• _Task_
Type out the data exactly as given. Skip any image.
**** Information shown ****
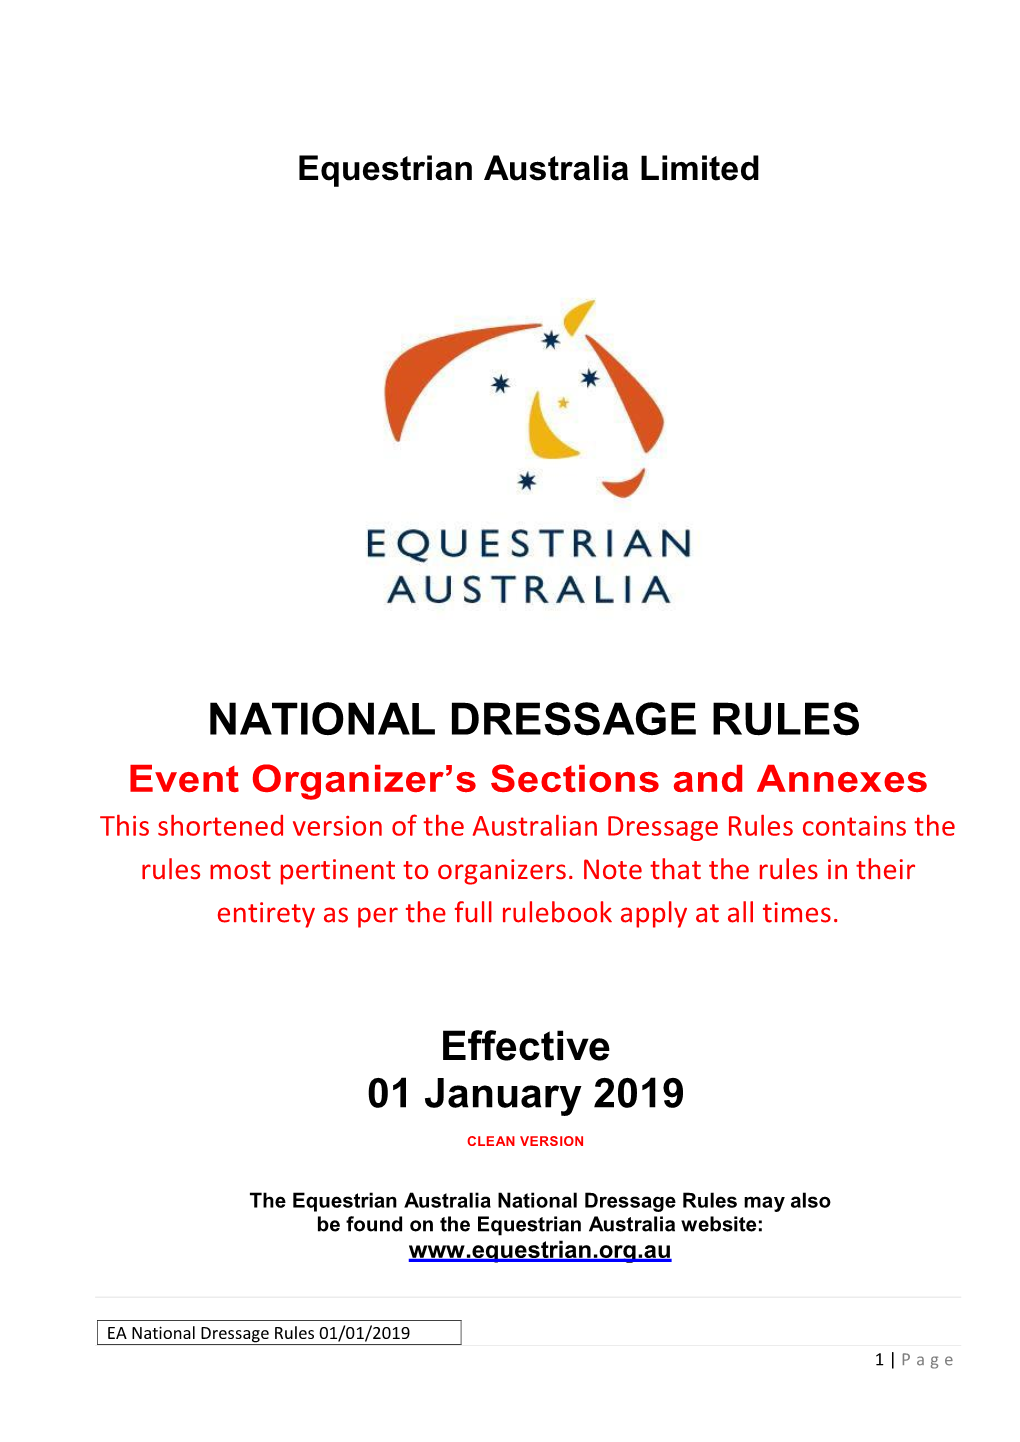 National Dressage Rules
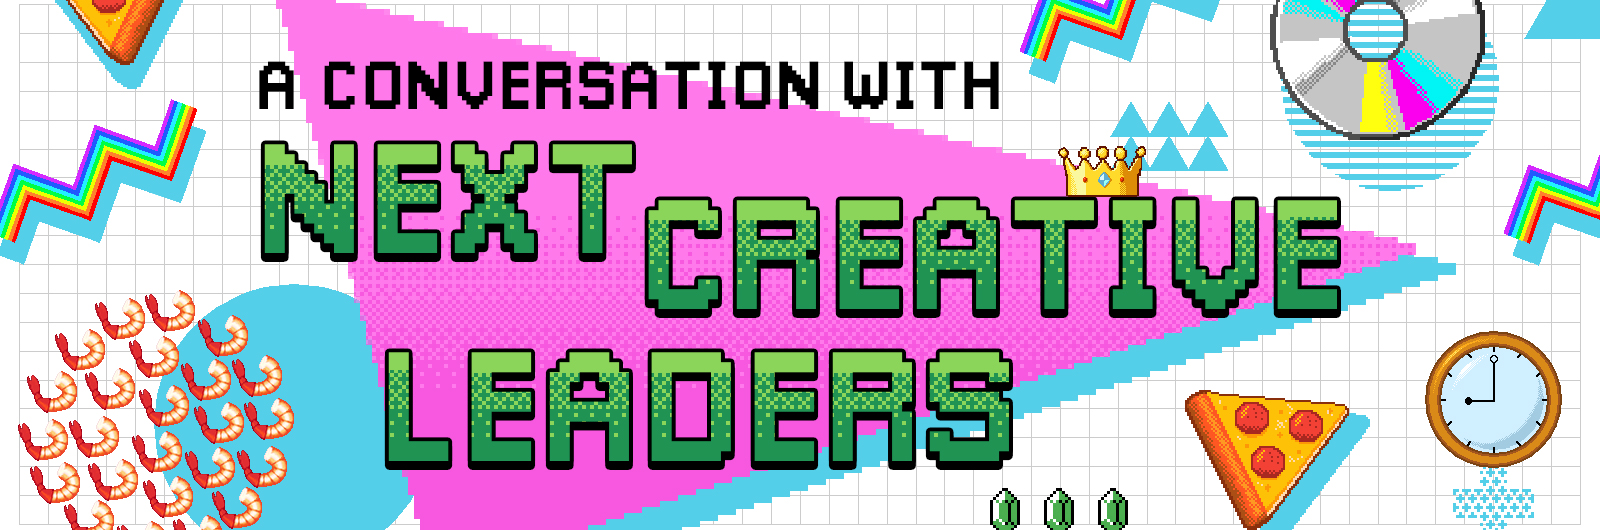 A Conversation With Next Creative Leaders
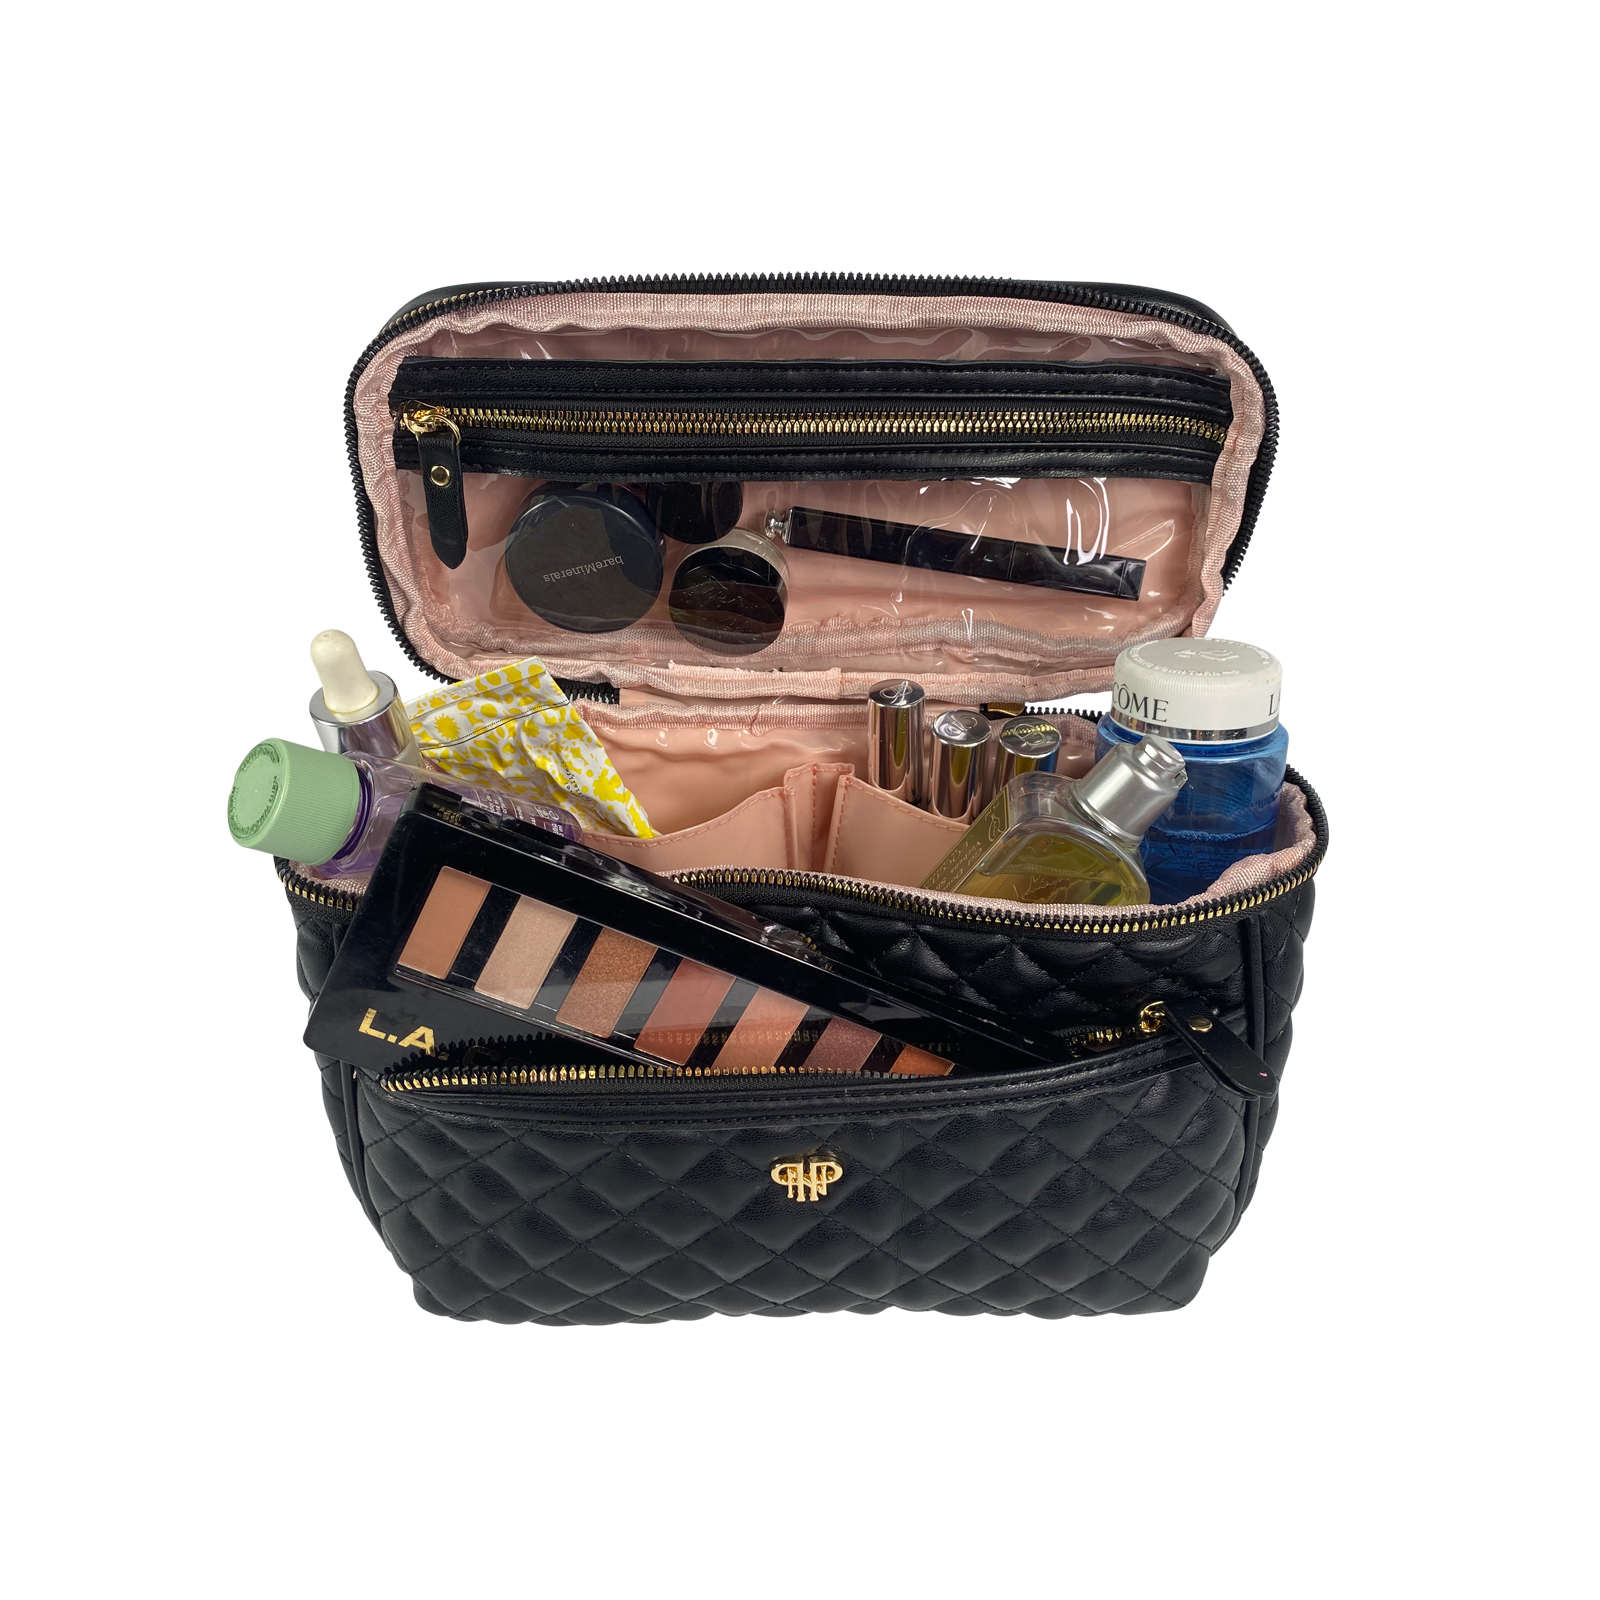 Pursen Classic Train Case - Travel Makeup & Toiletry Case - Navy Quilted
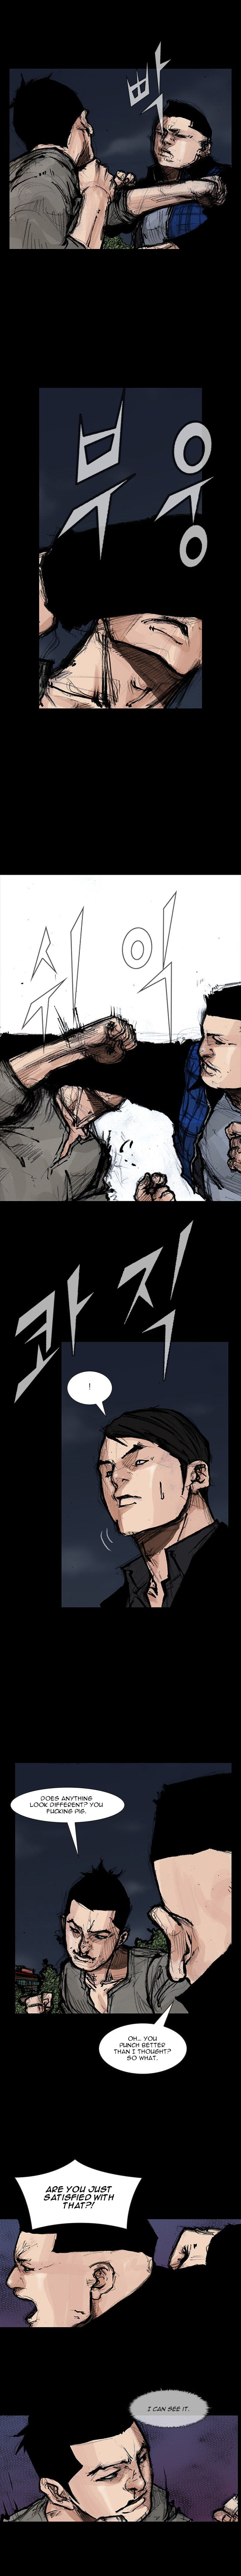 Dokgo 2 Chapter 10 Page 8
****
• _Response below_
 National Dressage Rules
 A Conversation With Next Creative Leaders
 Pursen Classic Train Case - Travel Makeup & Toiletry Case - Navy Quilted
 Dokgo 2 Chapter 10 Page 8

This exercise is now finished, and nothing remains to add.